2. Kullanılması görev ve sorumluluk yükleyen bu özgürlükler, demokratik bir toplumda gerekli tedbirler niteliğinde olarak, ulusal güvenliğin, toprak bütünlüğünün veya kamu emniyetinin korunması, nizamın sağlanması ve suç işlenmesinin önlenmesi, sağlığın veya ahlâkın, başkalarının şöhret ve haklarının korunması, gizli bilgilerin açığa vurulmasının önlenmesi veya yargı gücünün otorite ve tarafsızlığının sağlanması için yasayla öngürülen bazı merasime, koşullara, sınırlamalara veya yaptırımlara bağlanabilir.” kuralı yer almaktadır.
Yukarıda değinilen ilkeler gereğince,3984 sayılı Radyo ve Televizyonların Kuruluş ve Yayınları Hakkında Kanunun 29.maddesinin (h) fıkrasında; bir özel radyo ve televizyon yayın kuruluşunda yabancı sermayenin payı ödenmiş sermayenin %25’inin geçemeyeceği; (ı) fıkrasında ise; bir özel radyo ve televizyon yayın kuruluşunda ortak olan gerçek veya tüzel yabancı kişinin bir başka radyo ve televizyon kuruluşuna ortak olamayacağı hüküm altına alınmıştır.
Dosyanın incelenmesinden, … Radyo TV A.Ş. (…) unvanlı yayın kuruluşu ortaklarının, şirket hisselerinin tamamını gerçek ve tüzel kişilere devir isteklerinin kabulüne ilişkin Radyo ve Televizyon Üst Kurulunun 01.11.2006 tarih ve 8 sayılı kararına,” ilgili Dairece Üst Kurula sunulan yazı ekinde şirket ana sözleşmesinin olmaması, ortaklardan …’nin ortaklık yapısı ile ilgili açık bilgi olmadığı “gerekçesiyle muhalif kalan Kurul üyeleri tarafından, kendilerinin karşı oyuyla alınan ve hukuka aykırı olduğunu düşündükleri, Anayasada düzenleme altına alınan temel hak ve özgürlükler alanına giren ve bu haliyle toplumun tamamını ilgilendiren bir konuda alınan karar nedeniyle, yasaya aykırı sonuçlar doğduğu belirtilerek açılan davada, kendileri de bu alanda görev yapan davacıların Kurul üyesi ve vatandaş sıfatıyla dava konusu işlemle meşru, kişisel ve güncel bir menfaat alakalarının bulunduğu ve dolayısıyla dava açma ehliyetlerinin var olduğu görülmektedir.
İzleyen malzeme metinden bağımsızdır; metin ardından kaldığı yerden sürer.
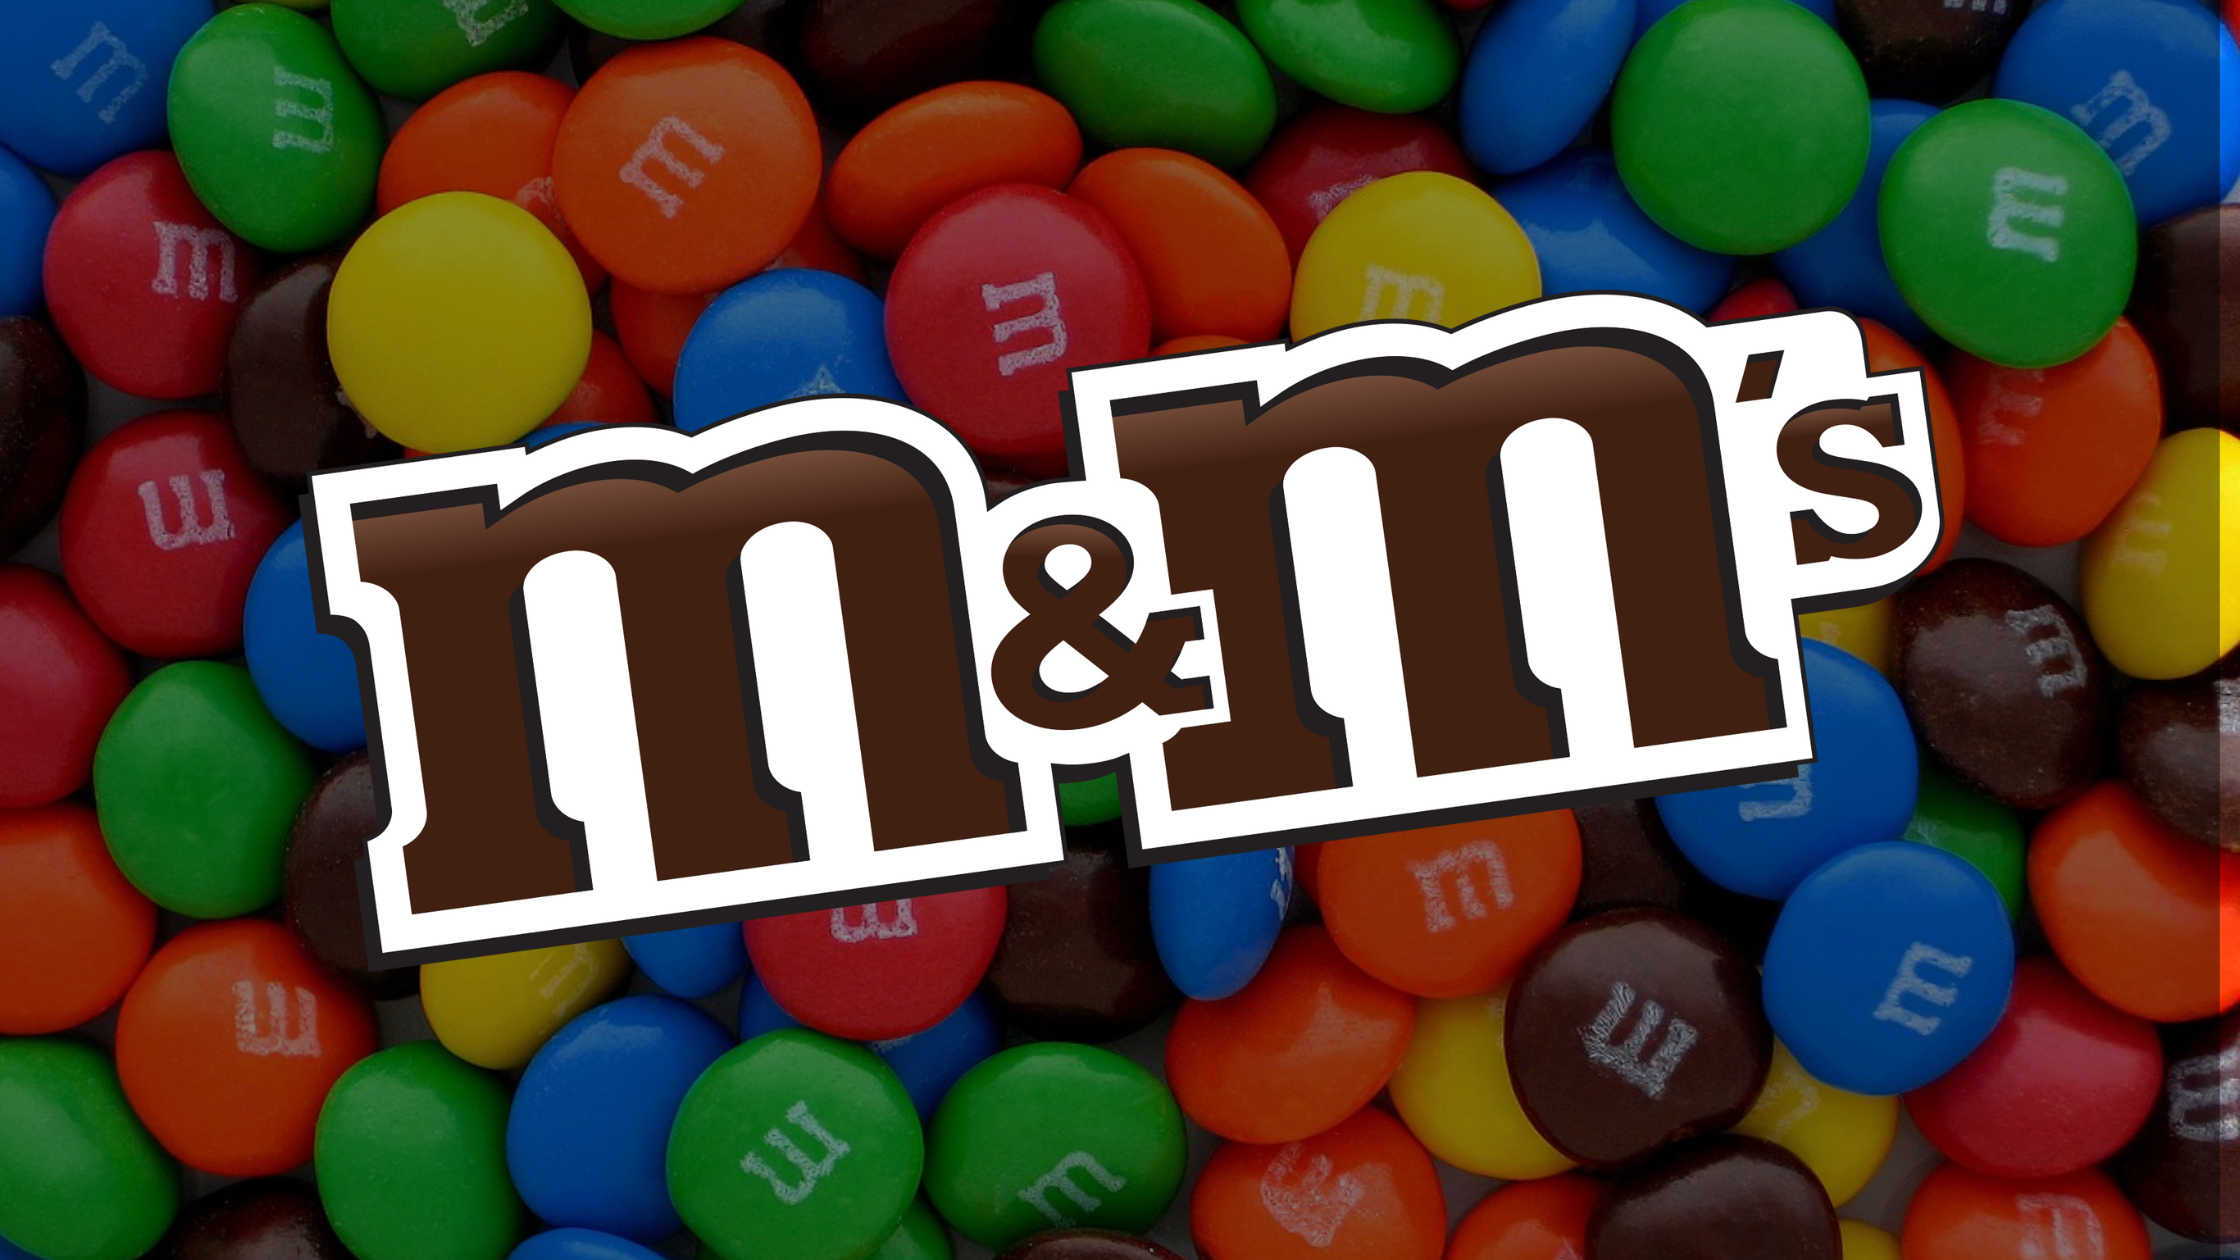 All About Peanut M&Ms and More

Aksi halin kabulünde Radyo ve Televizyon Üst Kurulunun Anayasa ile sınırı çizilen düzenleme ve denetleme görevi gözönüne alındığında, özellikle dava konusu olayda olduğu gibi bazı Kurul kararlarının vatandaşlar tarafından yargı mercilerine intikal ettirilmeleri ve yargı önünde hukuka uygunluk denetimine tâbi tutulmaları olanağı kalmamaktadır.
Bu durumda, davanın esasının incelenmesi gerekirken, menfaat ilişkisi bulunmadığı gerekçesiyle davanın ehliyet yönünden reddi yolunda verilen İdare Mahkemesi kararında hukuka uyarlık bulunmamaktadır.
Açıklanan nedenlerle 2577 sayılı İdari Yargılama Usulü Kanunu’nun 49. maddesine uygun bulunan davacıların temyiz istemlerinin kabulüne, … İdare Mahkemesi’nce verilen … tarihli, E: …, K: … sayılı kararın bozulmasına, dava dosyasının yeniden karar verilmek üzere anılan İdare Mahkemesine gönderilmesine, 23.11.2007 tarihinde oybirliği ile karar verildi.